Subject: Re: [cdt-dev] Indexing performance

Hello Vyacheslav,

With 10k unresolved includes and 100k syntax errors, your indexing quality is certainly not outstanding.
Compare against my project - I had almost twice as many sources/declarations/references, but only 1k unresolved includes and 40k syntax errors.

I suggest that you try some navigations to see whether the index is actually usable for you.
For instance, try some STL container (like a map) and see whether in an expression like
       myMap[key].myMethod()
you can navigate to myMethod and whether the calltree for myMethod does show that caller.
If not, then your STL headers have not been found and I'd consider your index not really usable and you will need to work on your indexer setup (the -I and -D settings).

Your 1.5% unresolved names is not extremely bad though - essentially it means that 1.5% of your navigation requests or calltree requests are going to fail because the respective symbol was not found; But 100k syntax errors is pretty bad, it says that some preprocessor macros were likely not understood which might mean that a good deal of your index might be garbage.

Syntax errors should usually be shown with a yellow squiggly underline in the editor; or you can log all syntax errors during parsing, when you save attached file somewhere and than launch your Eclipse like this:
         eclipse -debug $HOME/indexer-debug-options.txt > indexer-log.txt with your 100k syntax errors, that log is going to grow pretty huge.
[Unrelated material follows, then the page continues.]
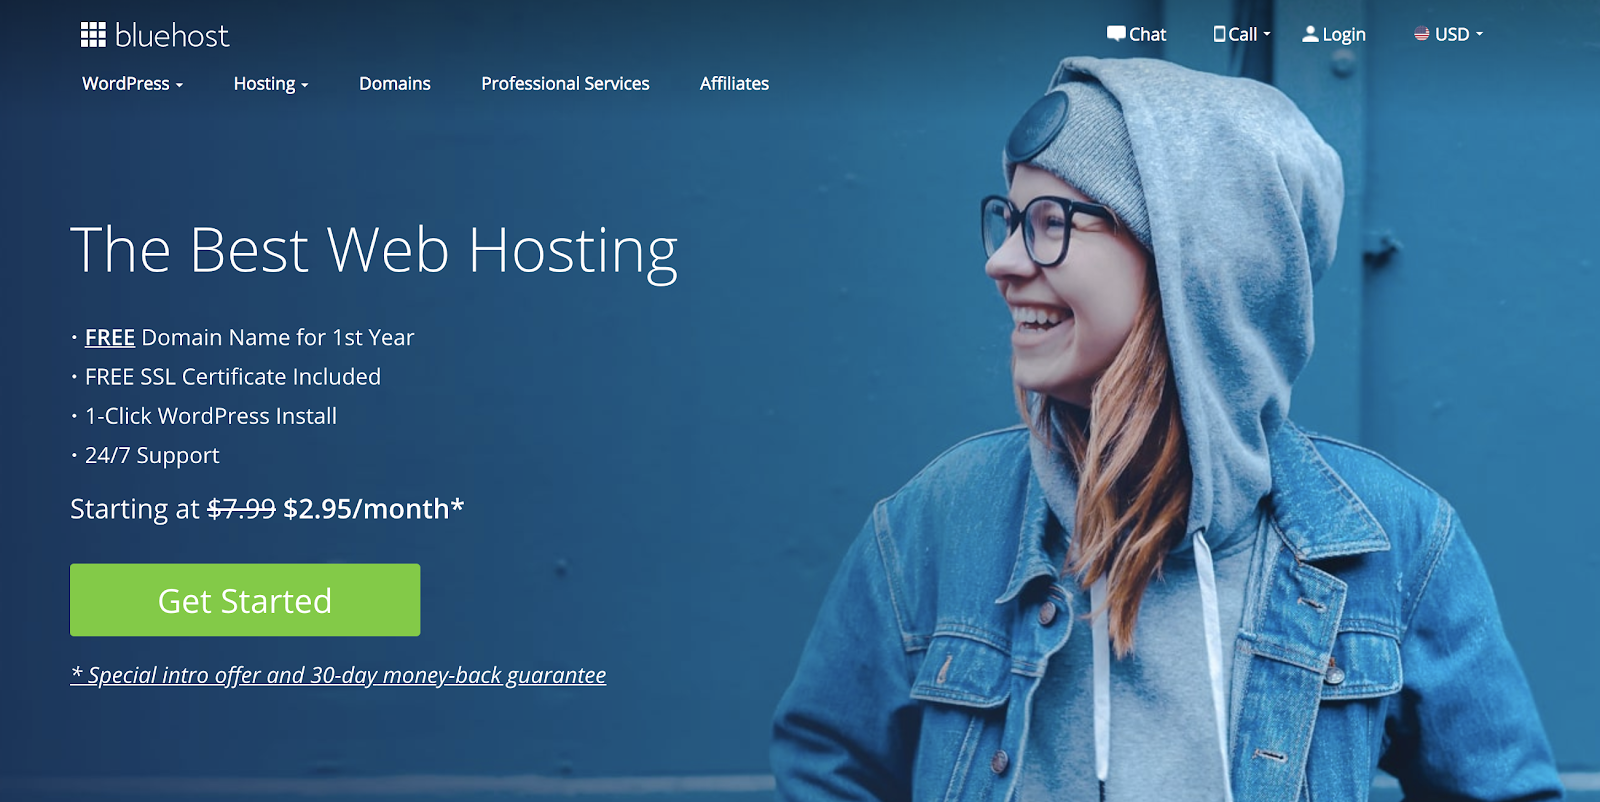 Bluehost Hosting is a Good Choice For New Bloggers (Screenshot)

But anyways, in my experience the index quality is largely unrelated to index performance.
45 minutes indexing time is absolutely reasonable for the size of your code base; I don't think that is going to change much when you improve index quality. Regarding the Windows time, I assume it's so much worse because the file system is so slow on Windows (it spends 50 minutes in the Kernel, either accessing the file system or doing stupid spinlocks for multithreading; a very good example that Windows is not the right OS if you're looking at Performance).

Personally, I find 45 minutes pretty good for the size of your code base; why would you want to further tune performance ? What actions / workflow feels too slow for you ?

Thanks,
Martin
--
Martin Oberhuber, SMTS / Product Architect – Development Tools, Wind River direct +43.662.457915.85  fax +43.662.457915.6


-----Original Message-----
From: Vyacheslav Chigrin [mailto:vyacheslav.chigryn@xxxxxxxxx]
Sent: Saturday, February 09, 2013 9:52 PM
To: CDT General developers list.
Cc: Oberhuber, Martin
Subject: Re: [cdt-dev] Indexing performance

Hello, Martin

I performed experiments you suggested on my system (Core i5 3.4 GHz, 6GB RAM, SSD Hard drive). I use Linux (Ubuntu 12.04) and Windows (Windows 7), project sources on local hard drive (on Linux - on Linux partition, on Windows - on Windows partition). I have eclipse Juno, run on 64-bit JRE, modified eclipse.ini by adding values you suggested. Project does not define much C++ template classes, although STL used intensively.
Most code is C++, although some C files also present. Some source files are generated during build process, may be because of this number of indexed files on Windows and Linux differ (see below).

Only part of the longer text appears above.